St Lucia’s batting prodigy Theo Edward wants to break into the West Indies senior team sometime during the next few years. The 15-year-old Edward, a student at the St Lucia Sports Academy, believes Test cricket is the format that suits him best so he is working his way towards that goal.
“My ambitions for the next five years; I want to play in the U19 World Cup and then hopefully go on to play for the senior team,” said Theo, who scored four consecutive centuries for St Lucia’s U15 team during the Windward Islands Cricket Board (WICB) Tournament last December.
“I have a lot of patience and I like to bat long. It gives me more time to think about my decision making so I like to play the longer format.”
In a time when most young players are drawn to the T20 format, it is a refreshing proclamation from the teenager, who made his national U15 team at the age of 11, and who recently returned home from Grenada where the Windward Islands Volcanoes staged a two-week special apprenticeship programme for a few U19 players.
Theo described his stay in Grenada as being beneficial.
“It was a good experience. The standard was very high. I learnt a lot about my batting, and mentally,” he said revealing that he has made some technical improvements.
“When I am facing spin I don’t really go deep in my crease. I learned you have to go deep, back and across so you get more time to see the ball,” he said, adding that. “My head was always falling away so I learned to keep my head straight and that helped me play the ball straighter.”
Theo, who WICB President Dr Kishore Shallow has described as a special talent, began showing an interest in the sport at age nine after his father, Cassius, a bus/taxi driver, began taking him on trips while transporting some West Indies stars while they were in St Lucia.
“Everywhere I go I used to take Theo with me,” the elder Edward said. “All the big stars, and he used to hold the bat and the ball and one day he said “Daddy, I am really interested in cricket and I must be a cricketer one day. But I never thought Theo would take that thing so serious.”
How serious?
“Theo’s life is cricket. You will never come home and Theo isn’t having some cricket watching,” Cassius revealed. “He sleeps with a bat and a ball under his head every single night.”

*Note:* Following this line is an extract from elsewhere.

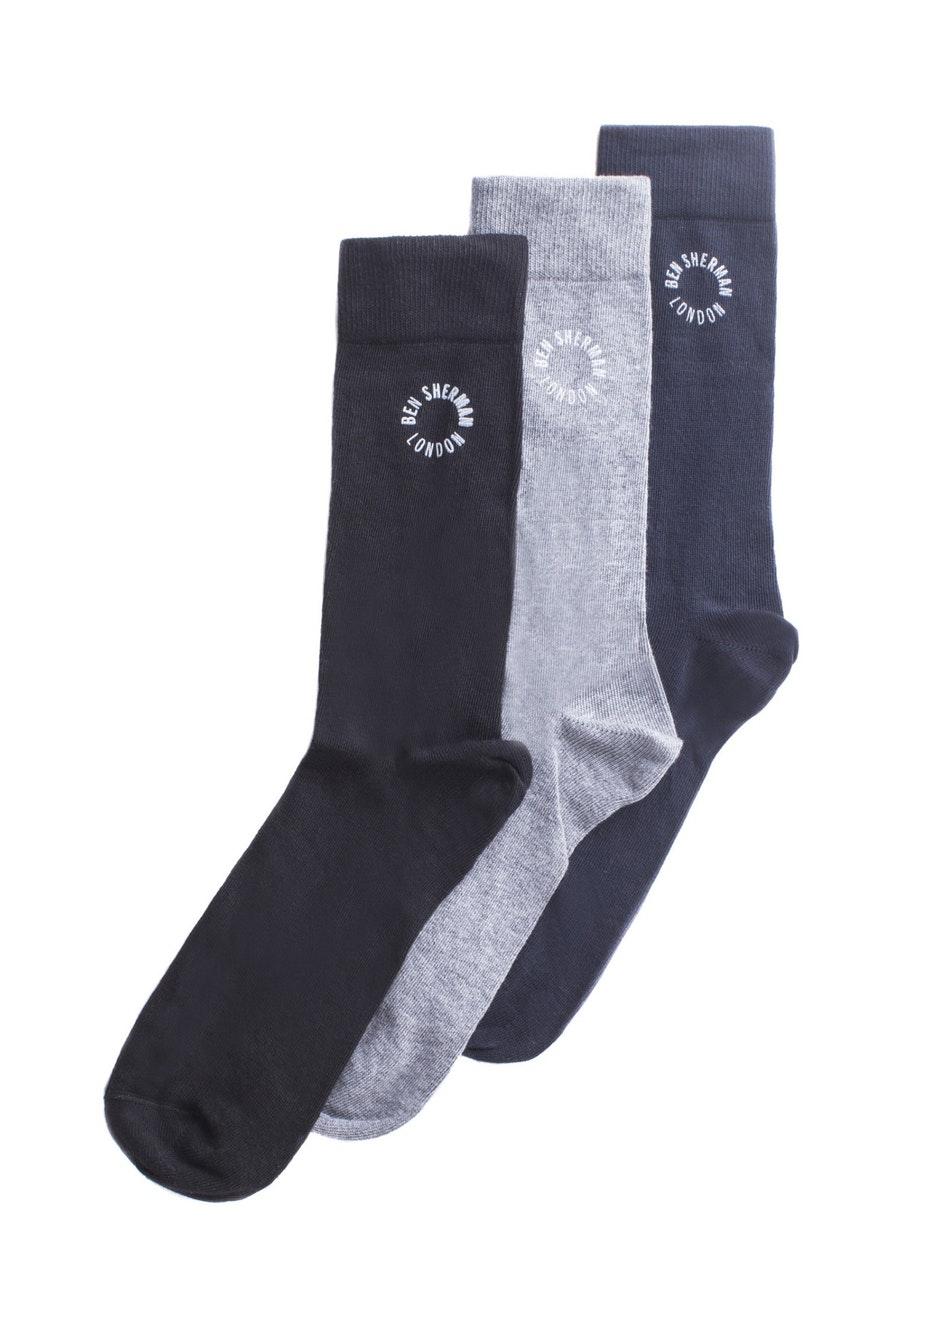 Ben Sherman - Elm 3 Pack Socks - Grey Marl - Black

Theo, the second of the Edward’s two children – he has an older sister Cassie – said his father has been his biggest supporter since he first picked up a bat.
“My father offers the most support to me because he is always at my training sessions, he is always at my games, always looking for gears for me,” he said.
In the past week or so, Cassius has been attending games in the St Lucia schools U19 Tournament in which Theo has been filling his boots. He scored 49 in his team’s victory against Choiseul Secondary, 94 out of a score of 173 in a losing cause to Leon Hess Secondary and on Thursday, scored an unbeaten 40 and took five wickets in a comprehensive victory over Patricia D. James Secondary.
The doting father does so with great pride even though he has sometimes taken flak from other members of the family for his unwavering support for his son’s cricketing ambitions at the expense of his academics.
“Theo’s mother and I were in trouble for him playing cricket,” he recalled.
“When Theo wrote exams for Common Entrance, he didn’t do good at all and I got bashed from my own family who said because of me Theo didn’t do good. But right now everybody is following cricket everywhere Theo goes.”
Besides his father’s support, Theo’s development is in good hands. At school he leans on the experience and wisdom of coach Garey Mauthrin, the former West Indies and Windward Islands left-hander and his staff as well as Alton Crafton, who always has Theo’s ear.
“Alton Crafton is a man who knows a lot about Theo when it comes to cricket. Theo has a lot of respect for Alton and I believe that is why Alton loves him so much because of his patience and he is very disciplined,” said Cassius, who believes his unswerving commitment to his son will one day be rewarded.
“I am so proud. I will turn down any trip, big trip, big money to take Theo anywhere there is cricket, you know. I am very proud now and it is about to pay me all my time.
“Theo always tells me ‘Daddy, don’t worry. All that money and all that time you spend with me I will triple that for you. Don’t worry’.”